Шрифт:
Интервал:
Закладка:
– Я могу жить, не имея ни гроша! – воскликнул он. – Я привык делать это во имя своего Искусства. Тратить деньги заставляете нас вы, буржуа.
После всего, что сделала во имя Искусства сама Джун, после того, как близко к сердцу принимала она невзгоды своих «хромоногих уточек», эти слова ударили ее как камень, попавший прямо в ребро. Она стала судорожно подбирать достойный ответ, когда дверь открылась, и австрийка пробормотала:
– К вам молодая леди, gnädiges Fräulein[77].
– Куда вы ее проводили?
– В маленькую комнату для еды.
Бросив взгляд на Бориса Струмоловского, на Ханну Хобди и Джимми Португала, Джун, лишенная душевного равновесия, молча вышла. Молодой леди, ожидавшей ее в «маленькой комнате для еды», оказалась Флер – очень хорошенькая, хотя и бледная. В эту минуту разочарования присутствие «хромой уточки» одной с нею породы было утешительно для Джун с ее инстинктивной склонностью к гомеопатии.

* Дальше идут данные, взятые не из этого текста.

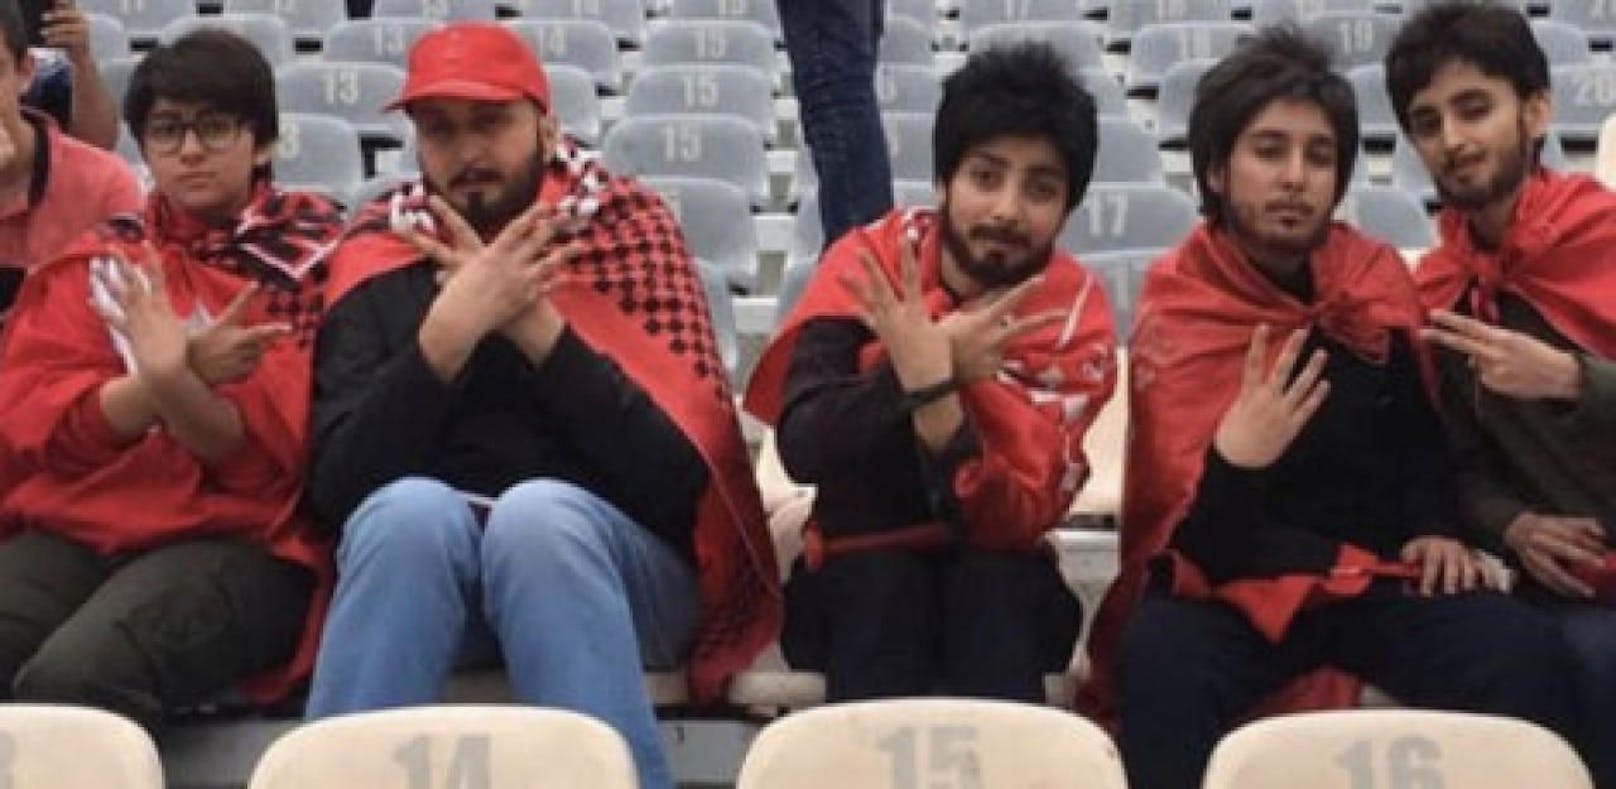 Iranerinnen gehen als Männer ins Stadion

Девушка приехала, конечно, из-за Джона. Или для того, чтобы что-нибудь разузнать. А оказывать кому-то помощь – это сейчас было для Джун единственным терпимым занятием.
– Вот вы и вспомнили про мое приглашение! – сказала она.
– Да. У вас славный домик – похож на утеночка! Но я бы не хотела вас отвлекать, если у вас гости.
– Ничего страшного, – ответила Джун, – пускай немного поварятся в собственном соку. Вы пришли из-за Джона?
– Вы сказали, нам следует знать ту историю. И я все выяснила.
– Вот как? – отозвалась Джун блекло. – Неприятное дело, да?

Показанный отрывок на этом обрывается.